### Work to be completed
Repeat exactly the stretch of lines that starts with the one containing "photo of a woman" and ends with the last line of the material. Leave out pictures.

### Given information
= = = = = = =

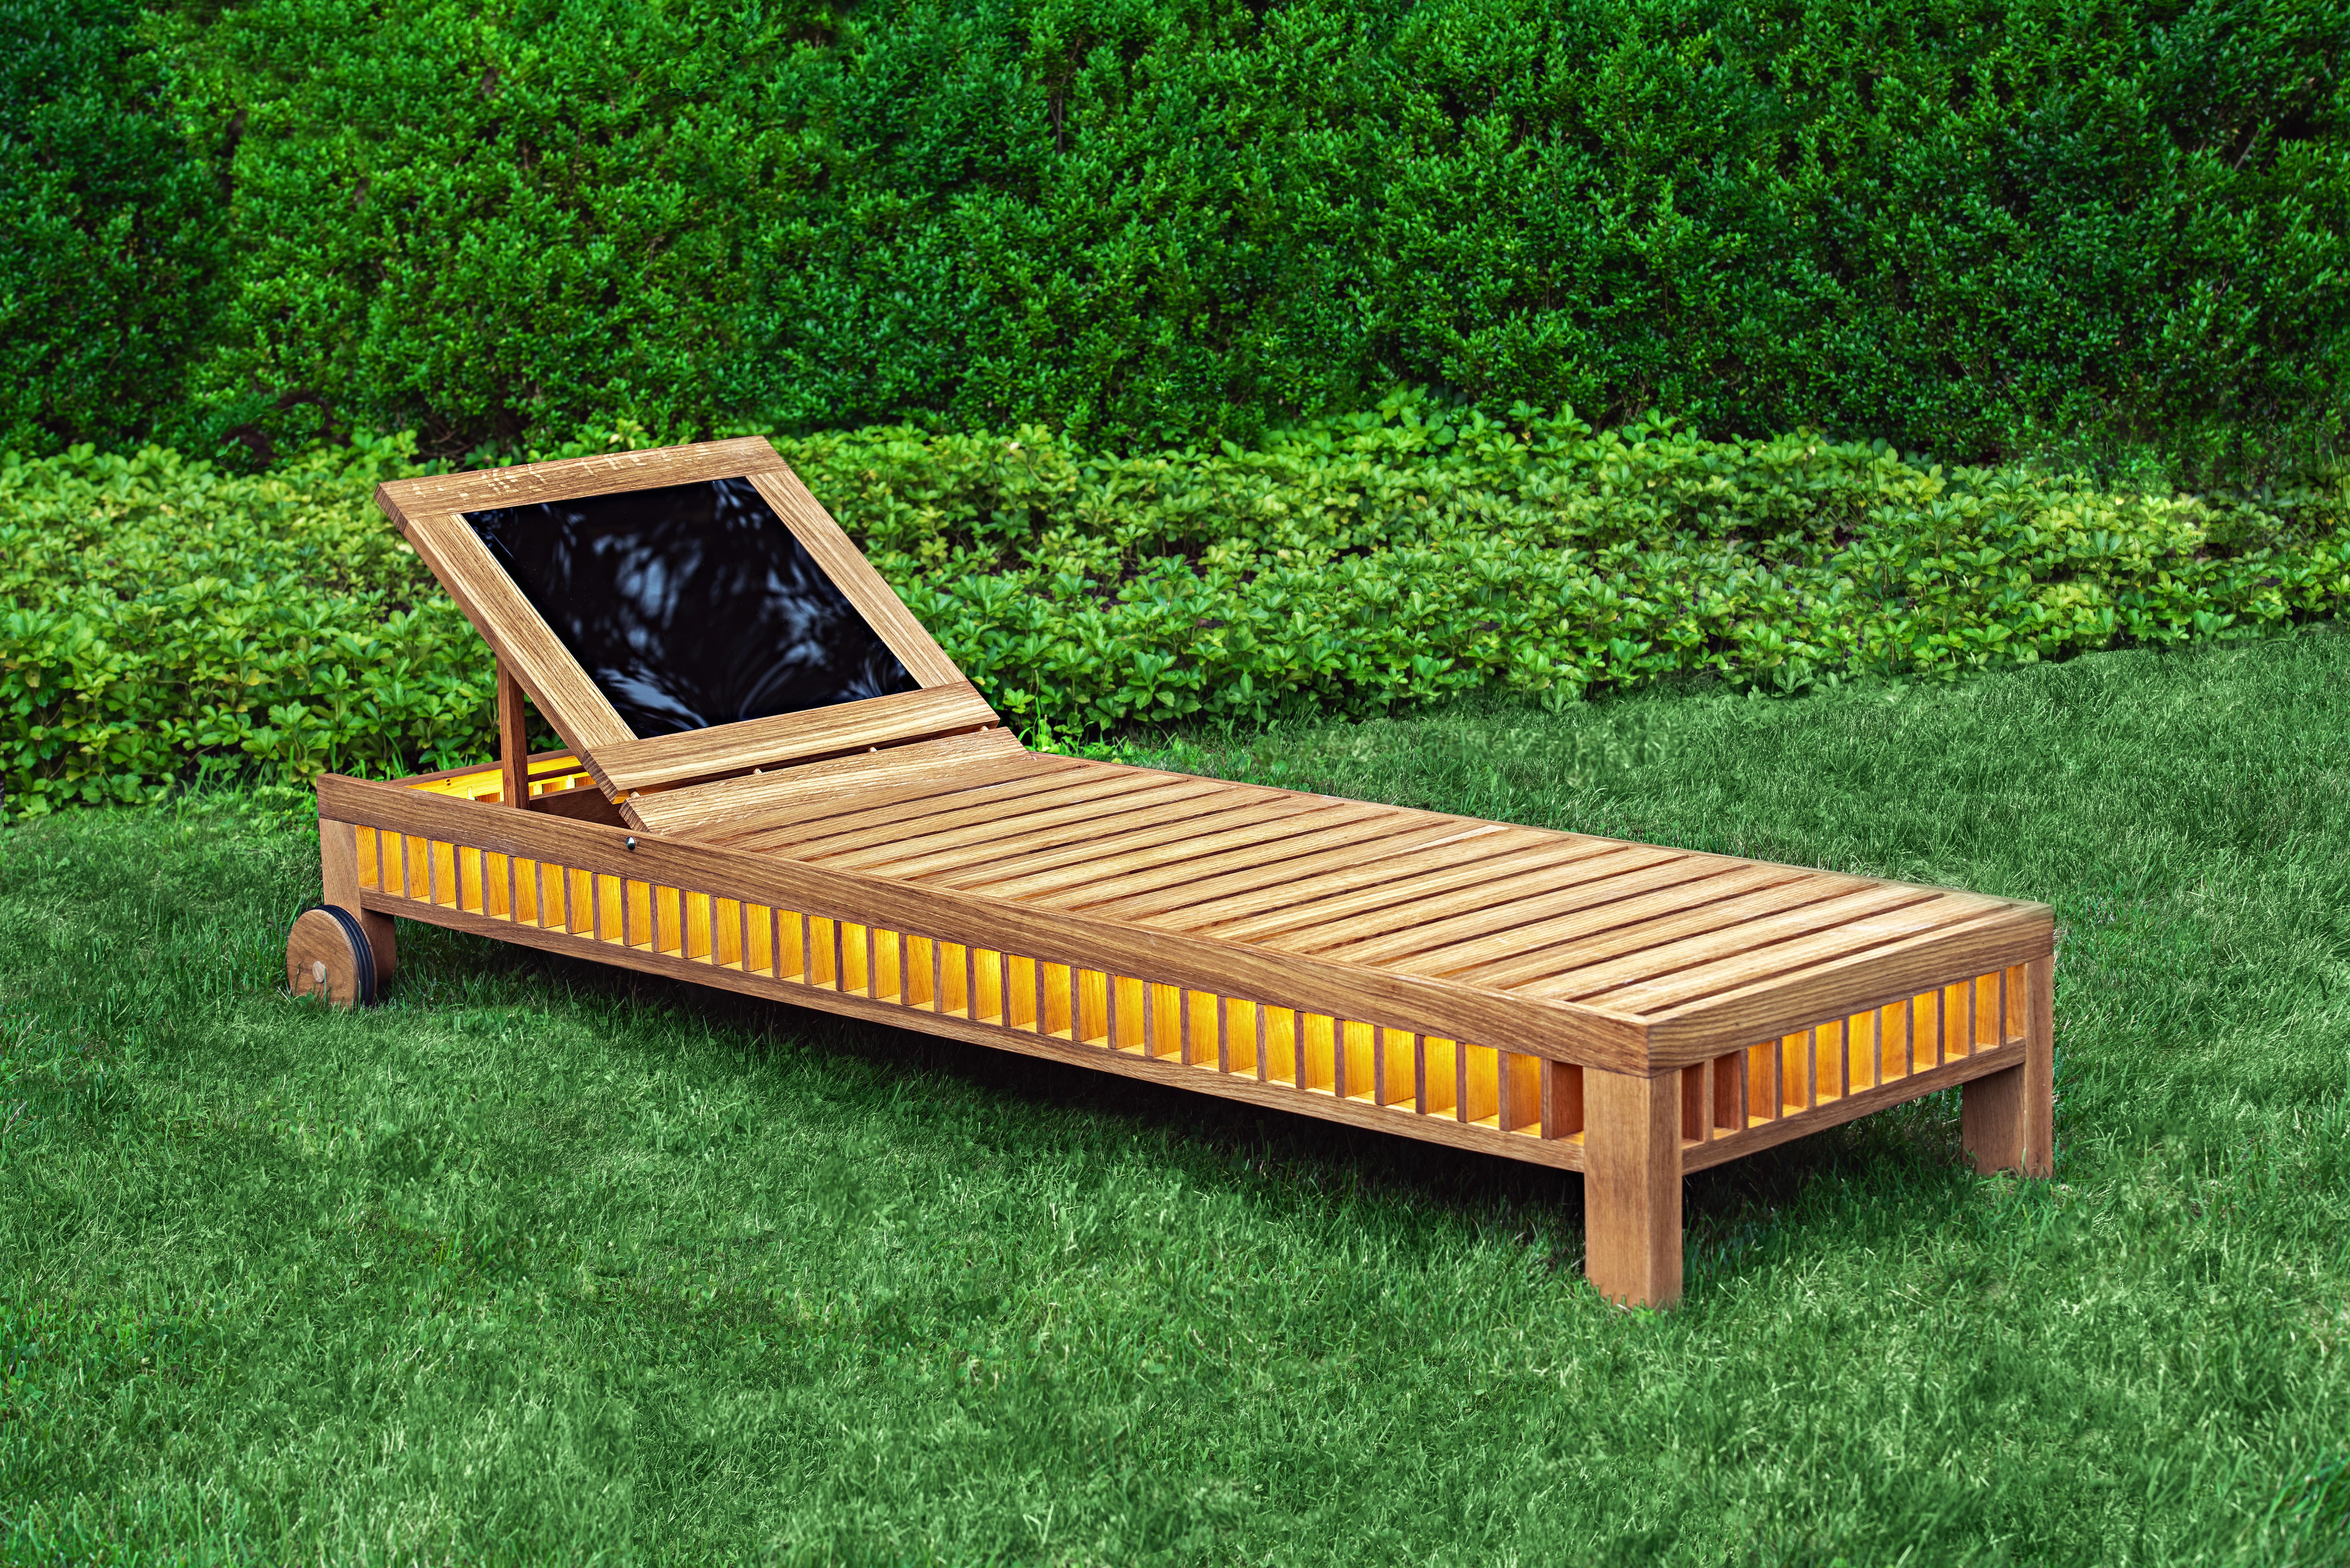 This wooden slatted solar lounger integrates a photovoltaic panel in its adjustable backrest. The panel, which reflects the surroundings in its mirrored surface, collects enough power to illuminate lights inside the body of the lounger at fall of
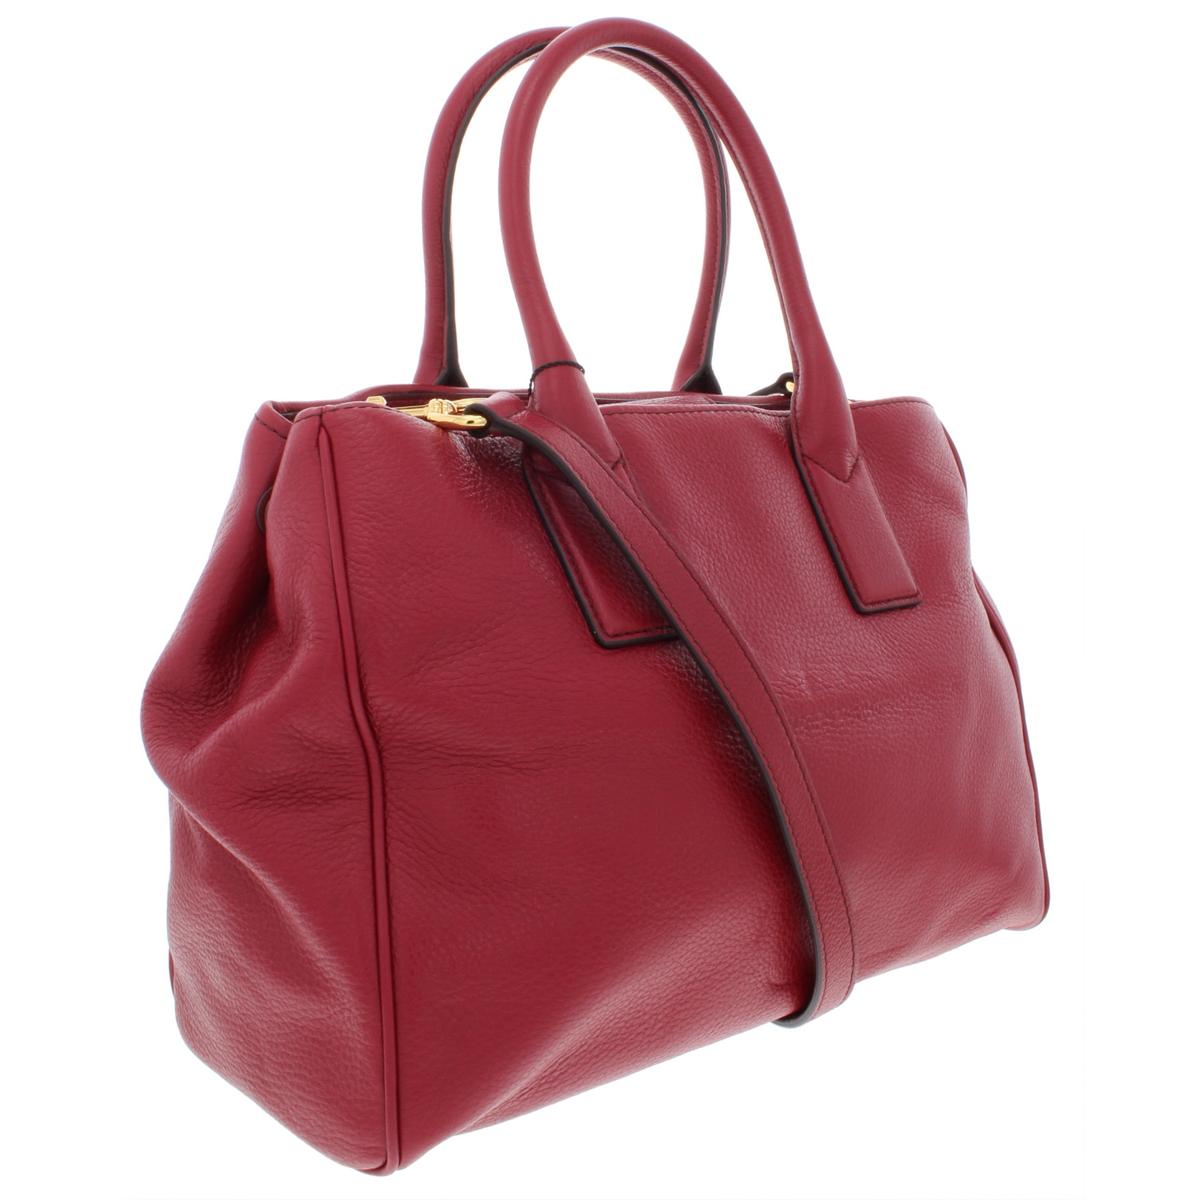 Marc Jacobs Womens Red Leather Pebbled Tote Handbag Purse Large BHFO ...
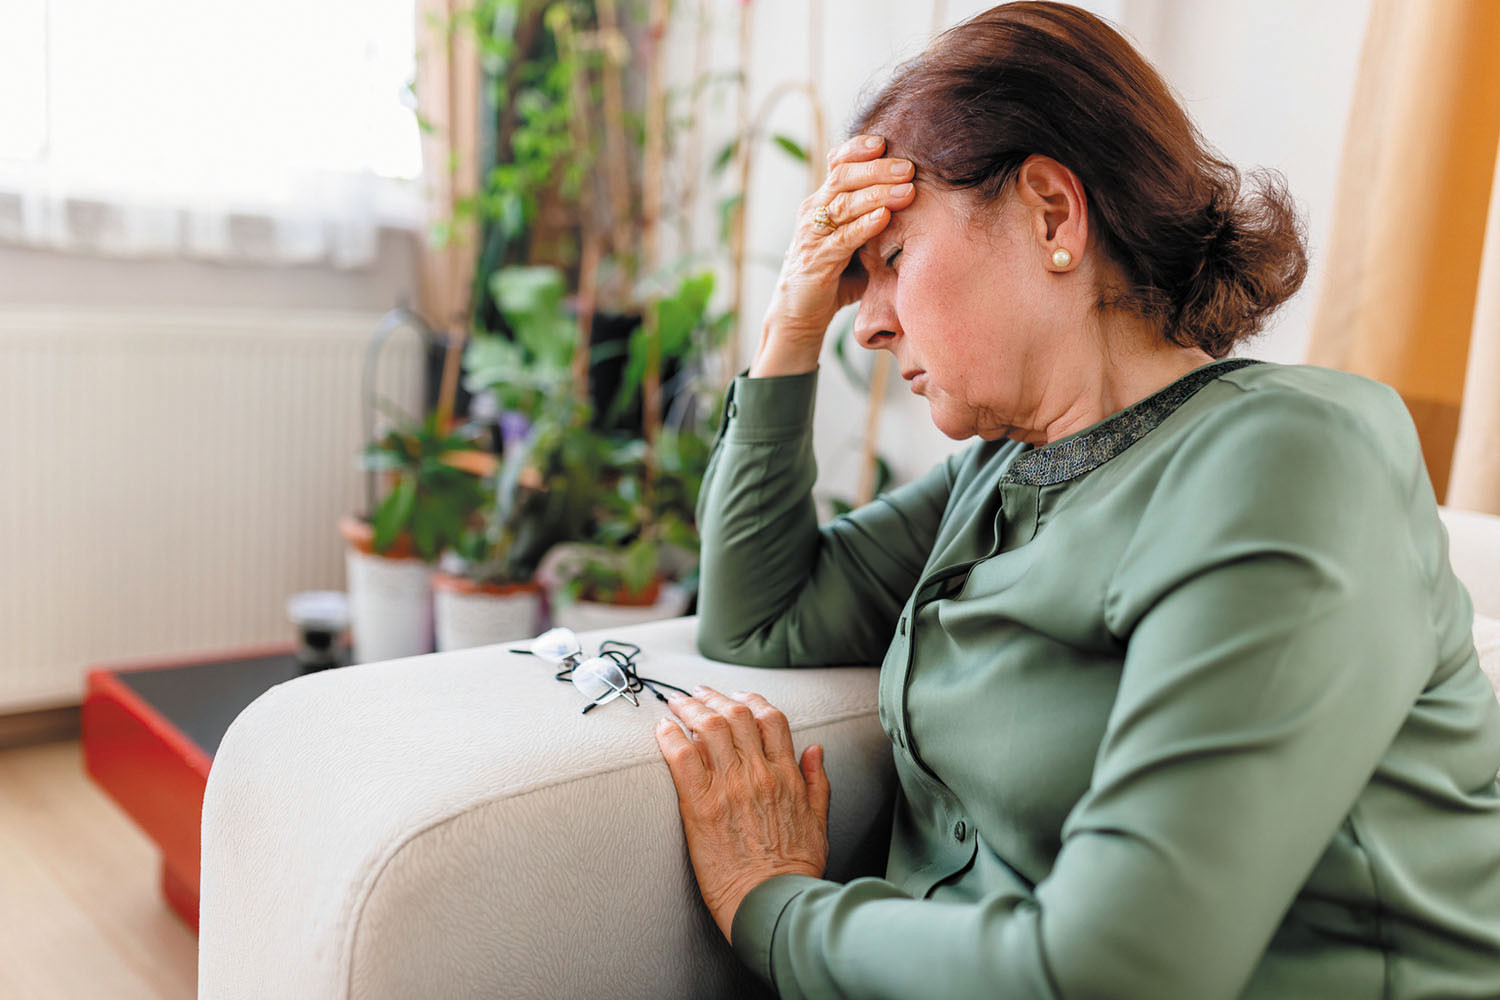 photo of a woman experiencing fatigue sitting down holding her right hand to her forehead
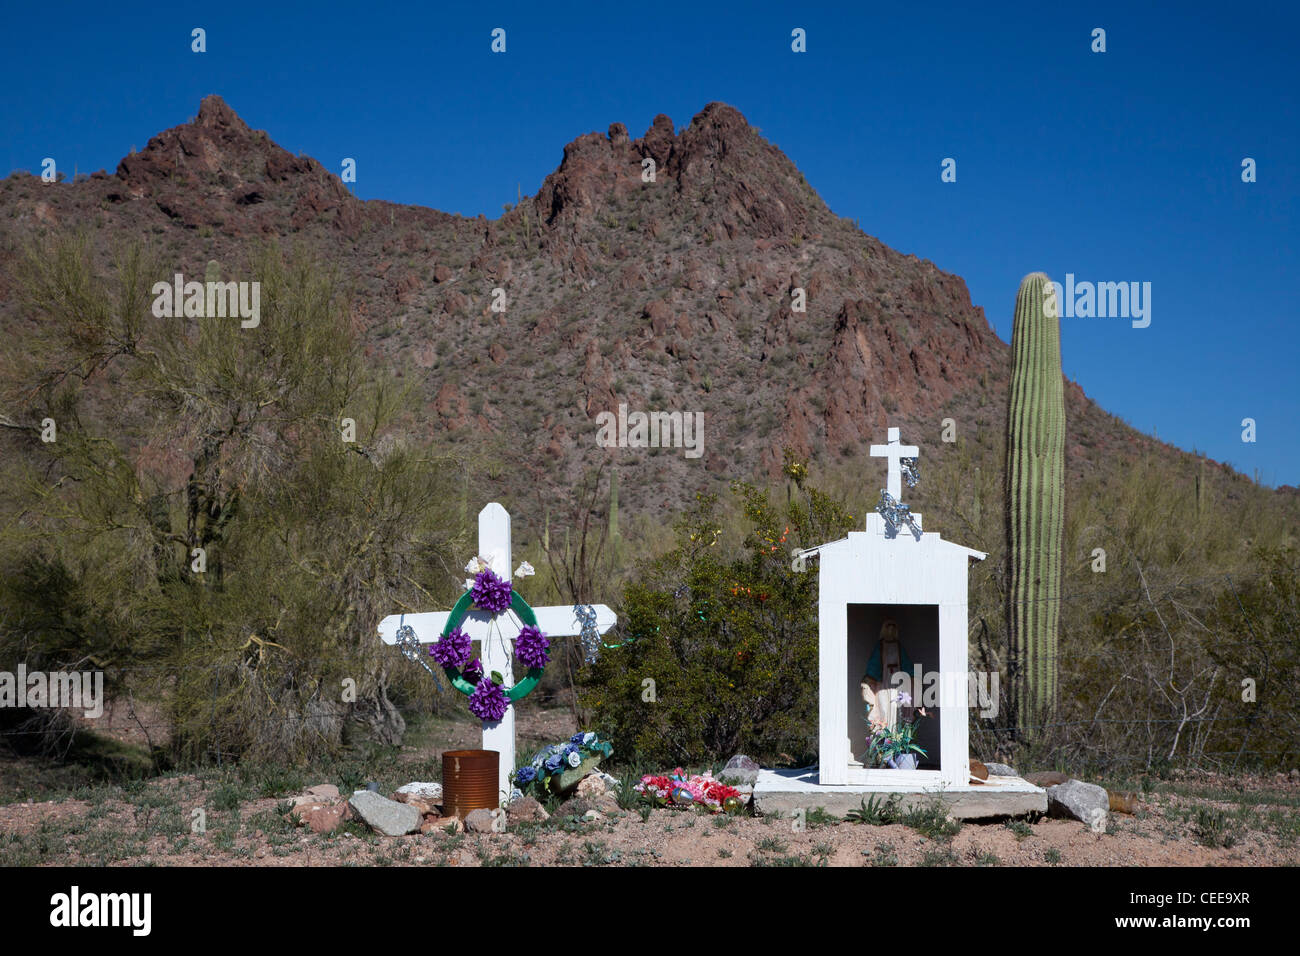 A shrine at the side of a road on the Tohono O'odham Indian Reservation. Stock Photo

= = = = = = =

### Written response
 photo of a woman experiencing fatigue sitting down holding her right hand to her forehead
 A shrine at the side of a road on the Tohono O'odham Indian Reservation. Stock Photo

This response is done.